Thats fine as long as you have the water enter through the top
of the reactor and exit the bottom.

-
Ghazanfar Ghori


----------



## imported_Platy (Feb 4, 2003)

I found that my mag 350 *rated at 350 gallons an hour* was not sufficent in running a reactor "inline" on the return side... which is what your talking about.

I bought an inline 700 gph pump off of ebay that I use. Works wonders. The reactor needs to be at least 2 ft long for it to work properly though with that much current. I get 100% saturation with no lost bubbles into the filter. I also run it through a spraybar when it returns to the tank to better distribute it through the aquarium.

You would have to use reinforced 3/4 inch line on the intake side of the pump though, as it will calapse non reinforced hose.

Good Luck









125 Gal - 3.07wpg - 99% flourite - Pressurized Co2 - Uv Sterilization when needed - Densly Planted


----------



## Rex Grigg (Jan 22, 2004)

The XP3 will work just fine with the reactor on the output side. I have one running on a XP2 and one on a XP3 and they work like champs. If possible you might want to make the reactor a little longer. The reactor for my 55 gallon which is attached to a XP3 is almost 24" long.

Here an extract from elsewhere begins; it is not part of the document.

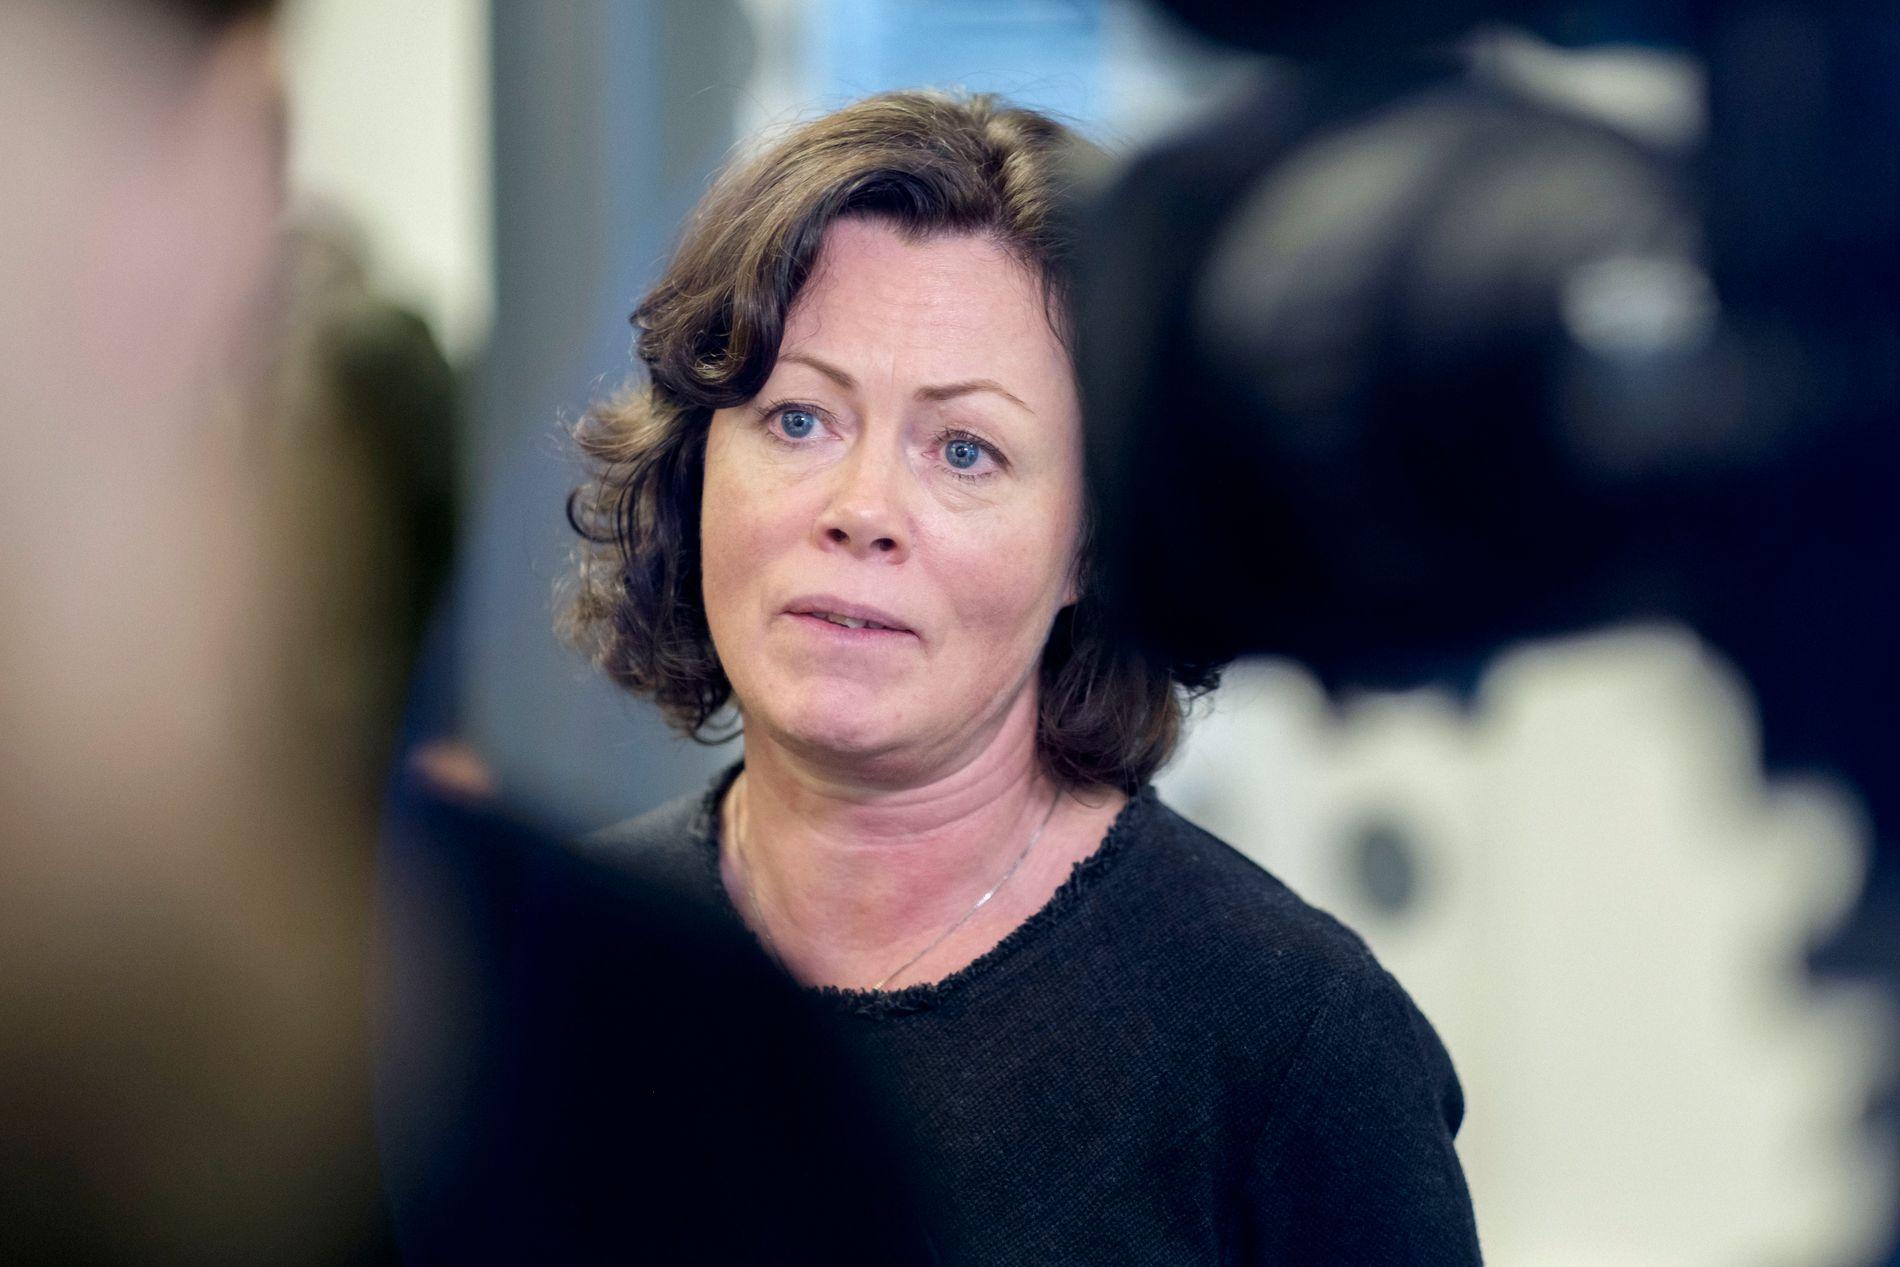 I går la barneminister Solveig Horne (Frp) frem forslag til lovendringer som skal gjøre foreldreskapet mer likestilt i tilfeller der mor og far ikke bor sammen.

In my reactor I have it about 2/3 filled with bio-balls and at the very bottom I have one of those inexpensive plastic dish scrubbers. I like the open area of water at the top because the bio-balls cause a very turbulent area of water here.

Moderator










American by birth, Marine by the grace of God! This post spell checked with IESpell available at http://www.iespell.com

See my Profile for tank details.


----------



## Mike K (Mar 27, 2003)

Rex,
Do you have any pictures of this reactor posted or can you post them. I am very curious on building one of these things. I want as much information that I can get so I don't mess up. Thanks

Mike


----------



## Rex Grigg (Jan 22, 2004)

I have a poor picture of one located at here It should give you some idea of how it should work.

Moderator










American by birth, Marine by the grace of God! This post spell checked with IESpell available at http://www.iespell.com

See my Profile for tank details.


----------



## Mike K (Mar 27, 2003)

One more question about the reactor. I bought everything that I needed but I have decided to use 90degree elbows on the intake and outtake of the reactor. I was thinking that this would put less pressure on the hose bending. So the flow goes in from 1/2" tubing to a 1 1/2" reducer, then to a 2" 90degree elbow, then through a 2" x 20" of PVC pipe, to a 2" 90 degree elbow to a 1 1/2 reducer, to a 1/2" pipe an inch long to a 1/2" 90 degree elbow to 1/2" tube and back into the tank. The reactor will be running on the outlet of a XP3 canister filter. Will this work? oh, the 2" 20" long PVC pipe will be 2/3 filled with bioballs and cheap dish scrubber on the bottom. I will post pictures when completed.


----------



## JamesHoftiezer (Feb 2, 2003)

If you look at the thread for my DIY reactorit is about 14" total including adapters with a 90deg fitting at the top. With 275gph from an eheim 2028 I have 100% saturation. I rarely even see the bubbles from the CO2 more than 5" down into the tube.

Here's the final version installed;
















*James Hoftiezer

Tank Journal - Aquascape ( Latest / Archive )
Tank Journal - Parts and Construction ( Latest / Archive )*


----------



## Mike K (Mar 27, 2003)

Where did you get those clamps to hold the reactor. I can not find them anywhere


----------



## JamesHoftiezer (Feb 2, 2003)

www.usplastics.com has them.

44287 Cobra Plastic Pipe Clip 2" $3.60

Expensive but I liked the professional look

if you place an order with them I could suggest a half dozen items that would make it worth the order

*James Hoftiezer

Tank Journal - Aquascape ( Latest / Archive )
Tank Journal - Parts and Construction ( Latest / Archive )*


----------



## Mike K (Mar 27, 2003)

IF my DIY Reactor is not a used with Clear PVC, how do I know if the CO2 is being fully dissolved? I hear what sounds like a small waterfall in my reactor when I turn the CO2 up, then the waterfall sound quiets down when I slow down the CO2 flow. Plus there is no bubbles comming out of my outlet in the tank. Could this be a sign? Or are there other signs? Thanks.

Mike K.


----------



## JamesHoftiezer (Feb 2, 2003)

It sounds (literally) like you have a gas pocket building, but this is normal. As long as you do not see gas bubbles escaping the water outlet its doing its jub, it just gets backed up a little every once in a while.

*James Hoftiezer

Tank Journal - Aquascape ( Latest / Archive )
Tank Journal - Parts and Construction ( Latest / Archive )*


----------



## RTFCLB8 (May 25, 2003)

Yes please provide parts list if possible.
Thanks


> quote:
> 
> Originally posted by JamesHoftiezer:
> http://www.usplastics.com has them.
> ...


----------